What is needed →
In the material below, pictures must be dropped. Repeat exactly, and only, the lines from the line with "Kipozi Eyelash Curler With Refills" to the line with "RayBan Wayfarers Limited", both ends included.

*** Records shown ***

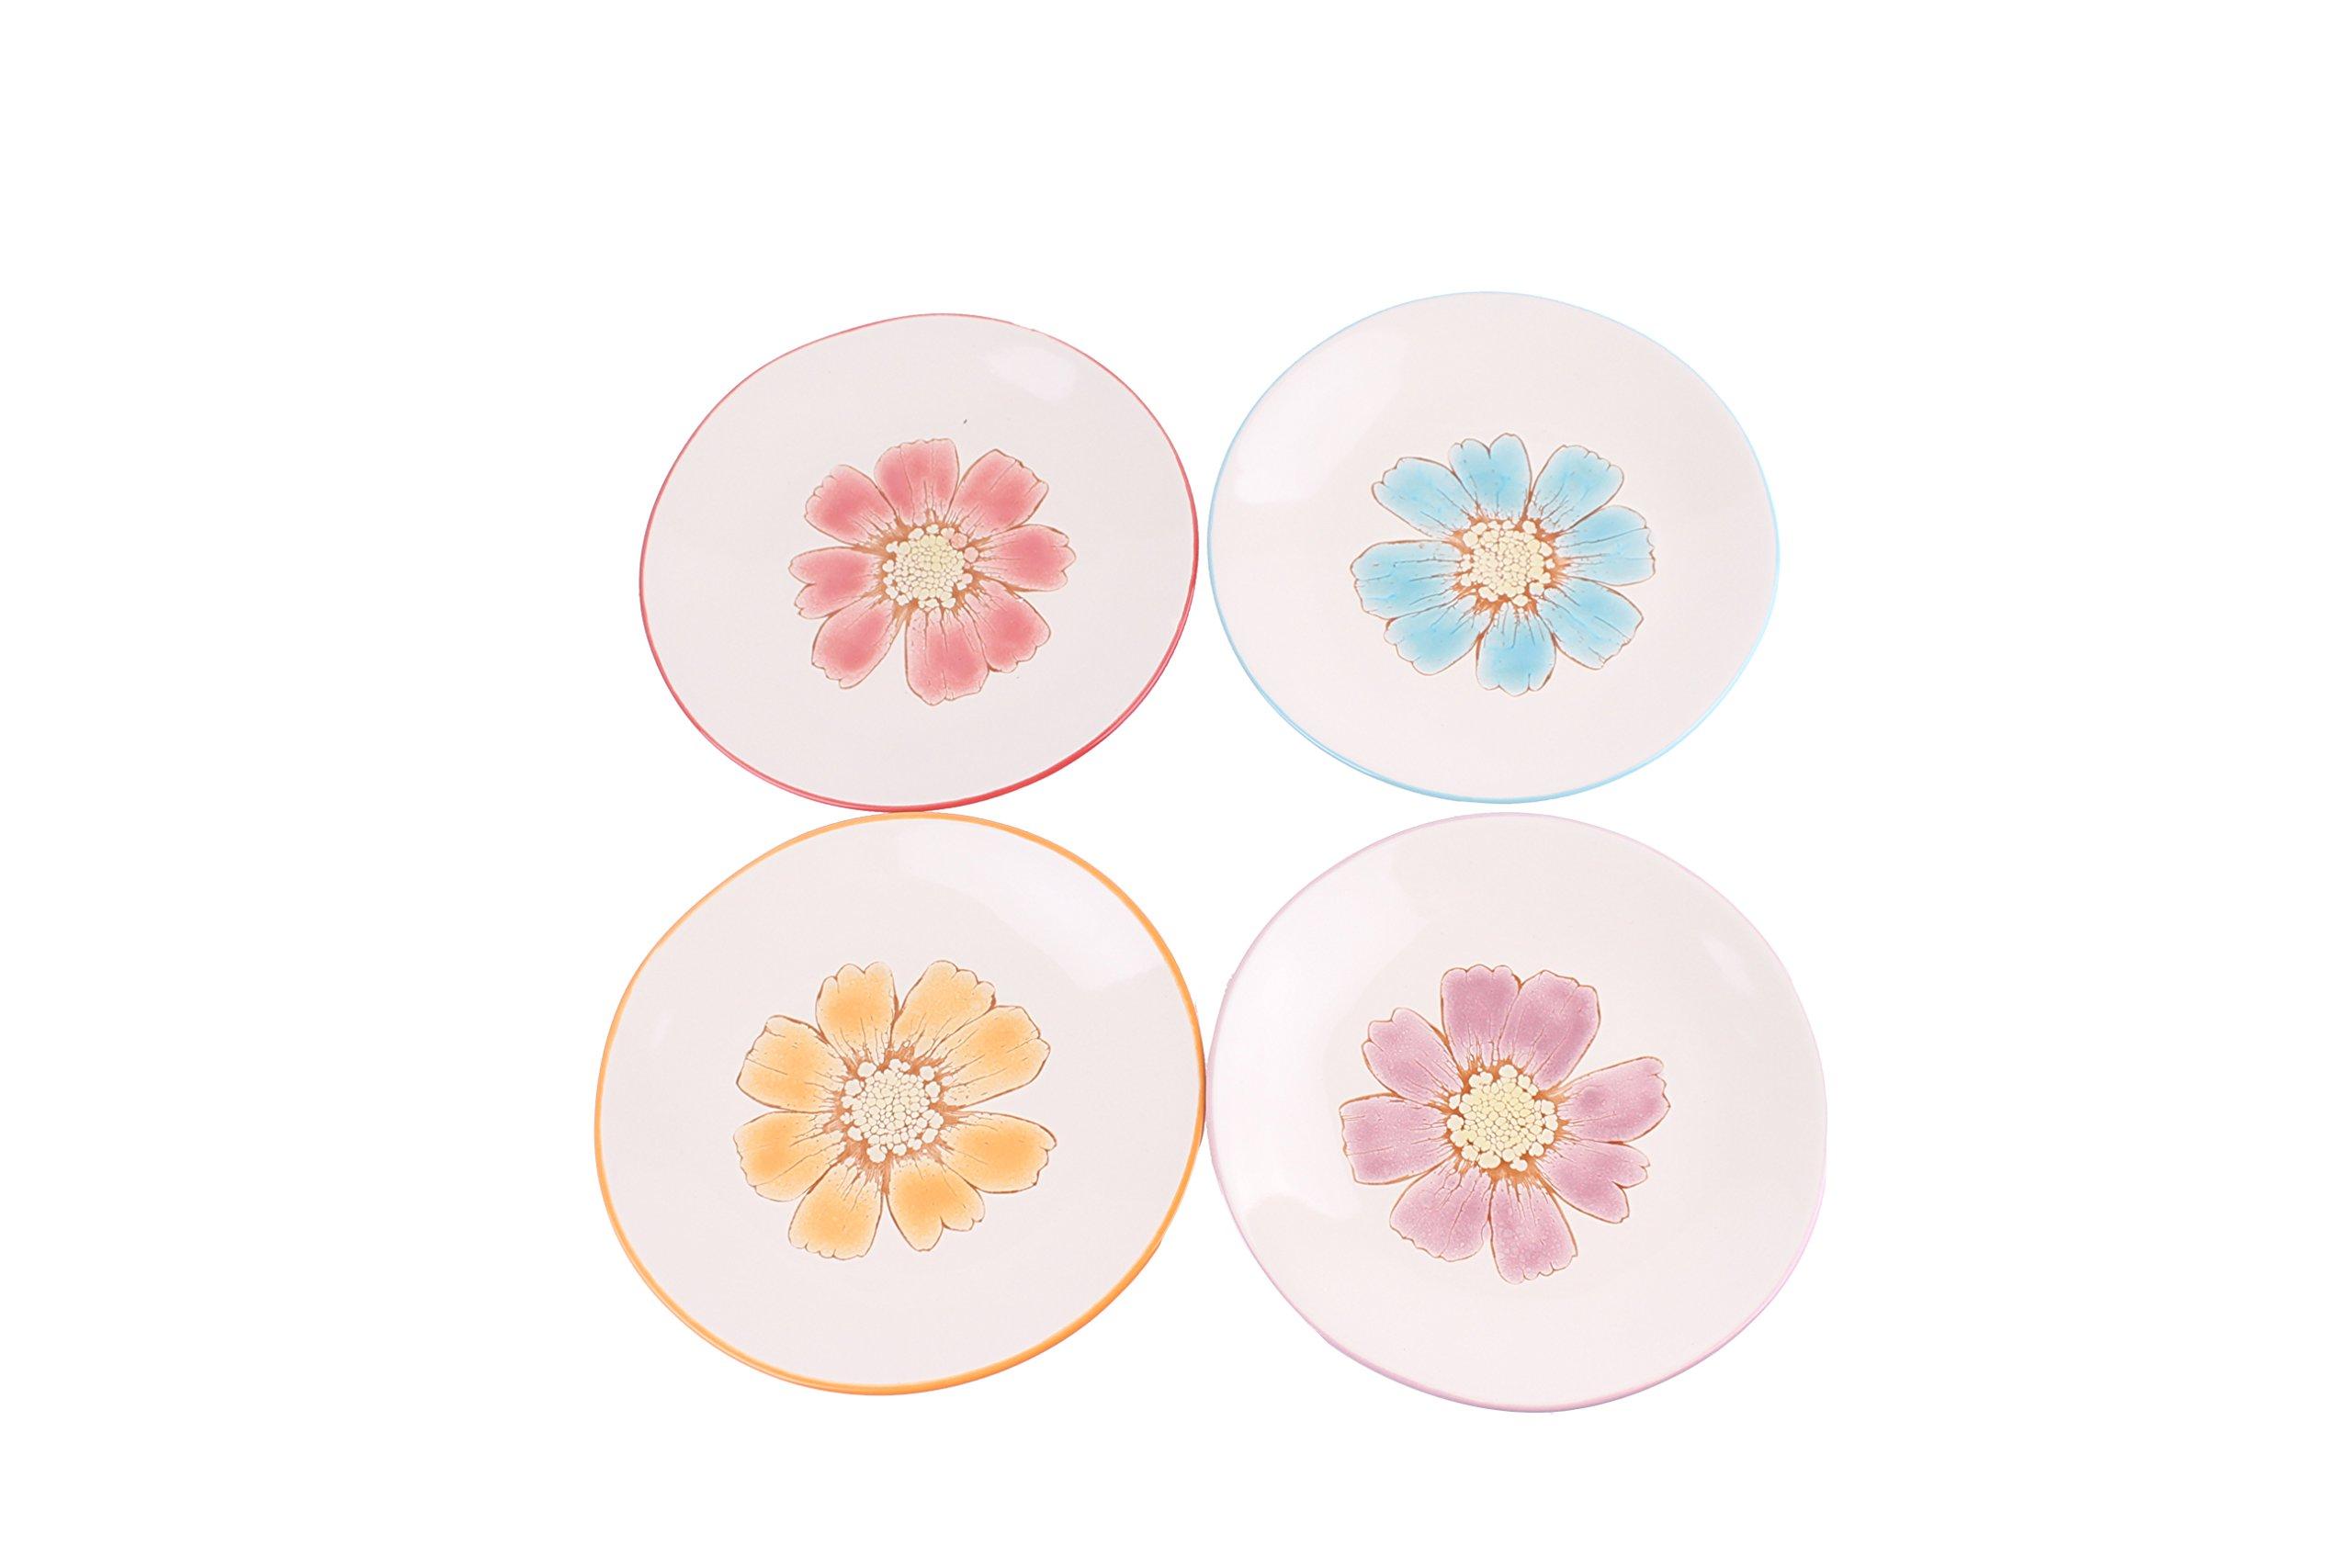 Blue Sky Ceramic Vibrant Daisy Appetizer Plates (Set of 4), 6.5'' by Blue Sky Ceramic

*** End of Records shown ***
*** Records shown ***

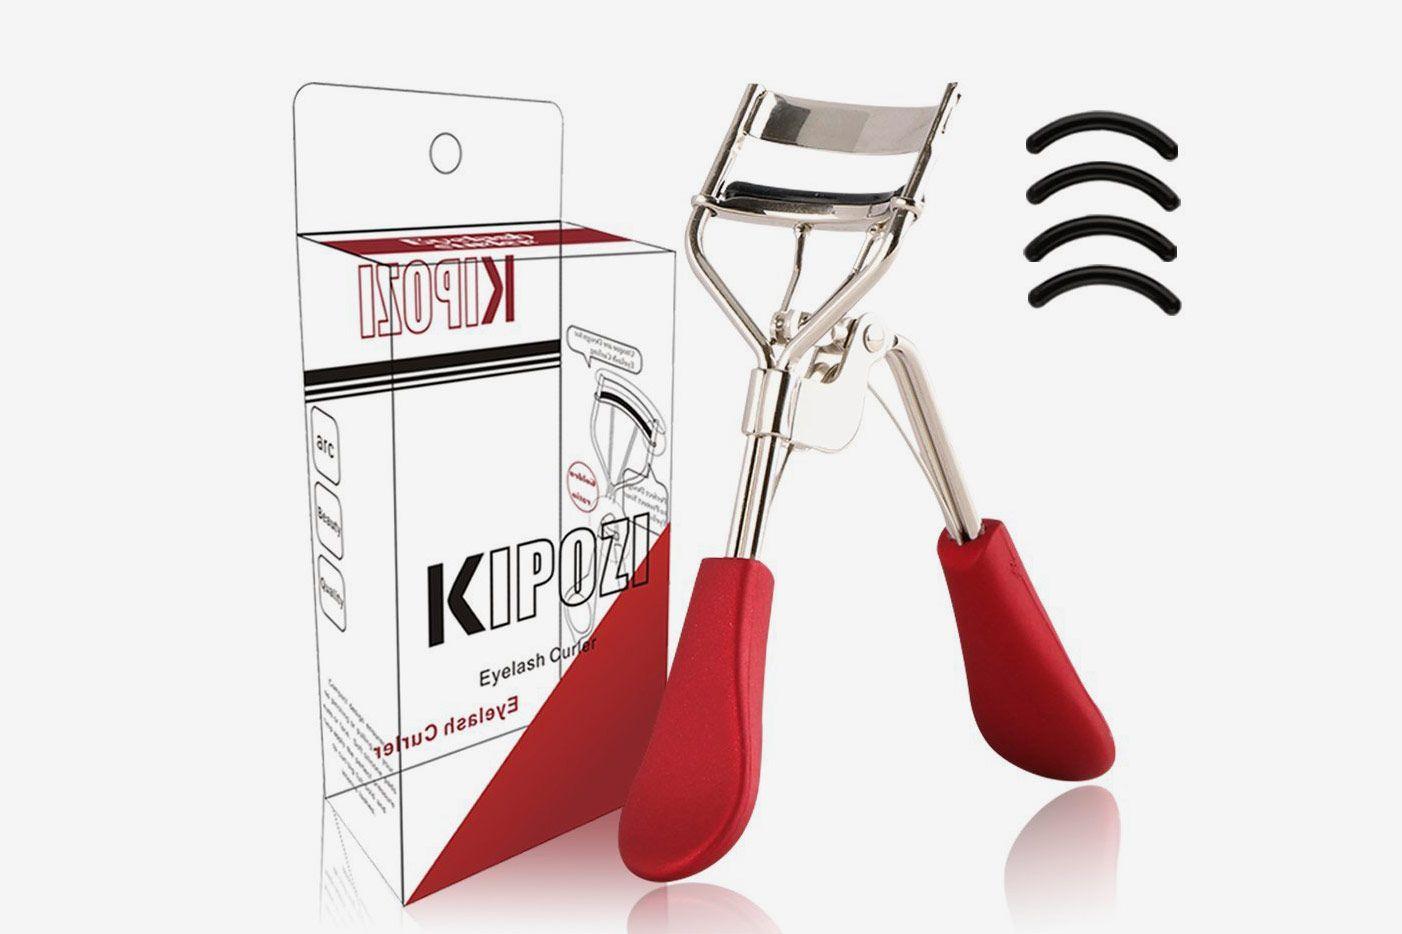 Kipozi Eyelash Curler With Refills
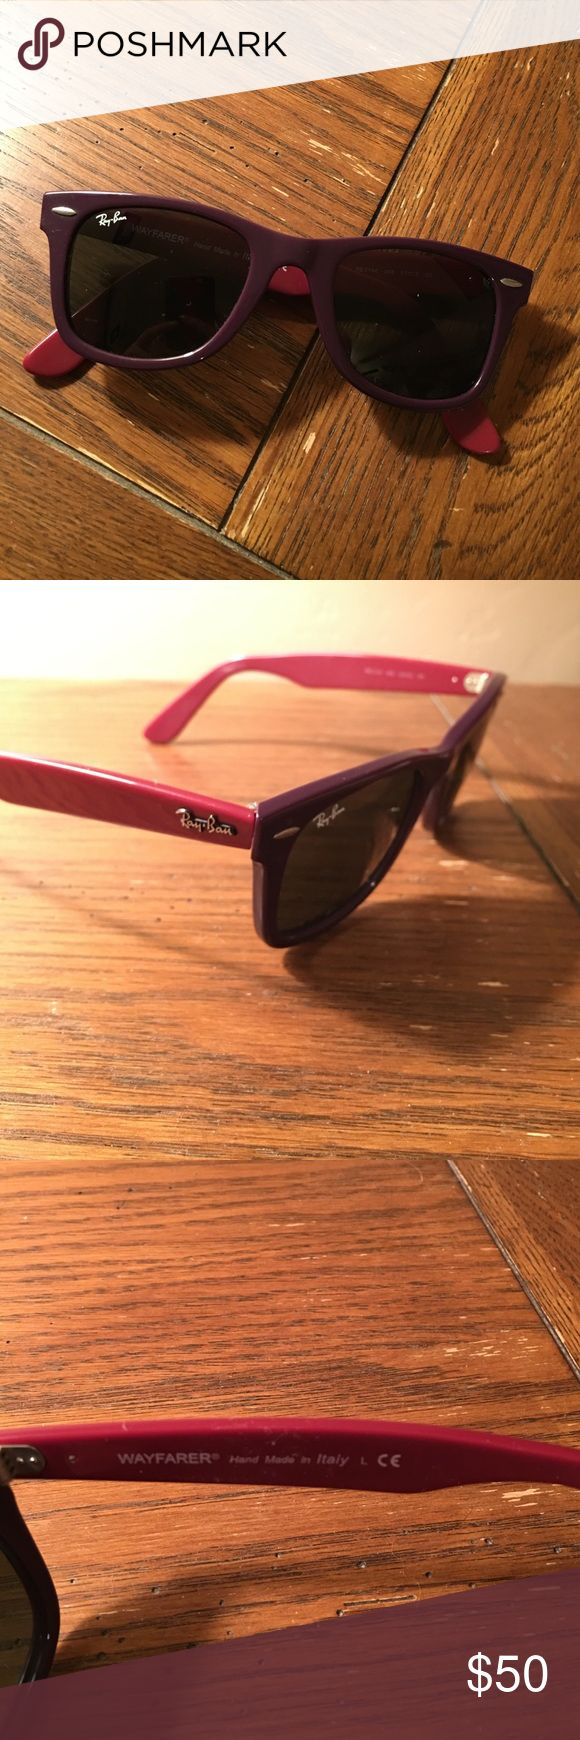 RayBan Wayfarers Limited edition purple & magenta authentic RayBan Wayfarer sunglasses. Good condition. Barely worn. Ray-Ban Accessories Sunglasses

*** End of Records shown ***

Response for this exercise →
 Kipozi Eyelash Curler With Refills
 RayBan Wayfarers Limited edition purple & magenta authentic RayBan Wayfarer sunglasses. Good condition. Barely worn. Ray-Ban Accessories Sunglasses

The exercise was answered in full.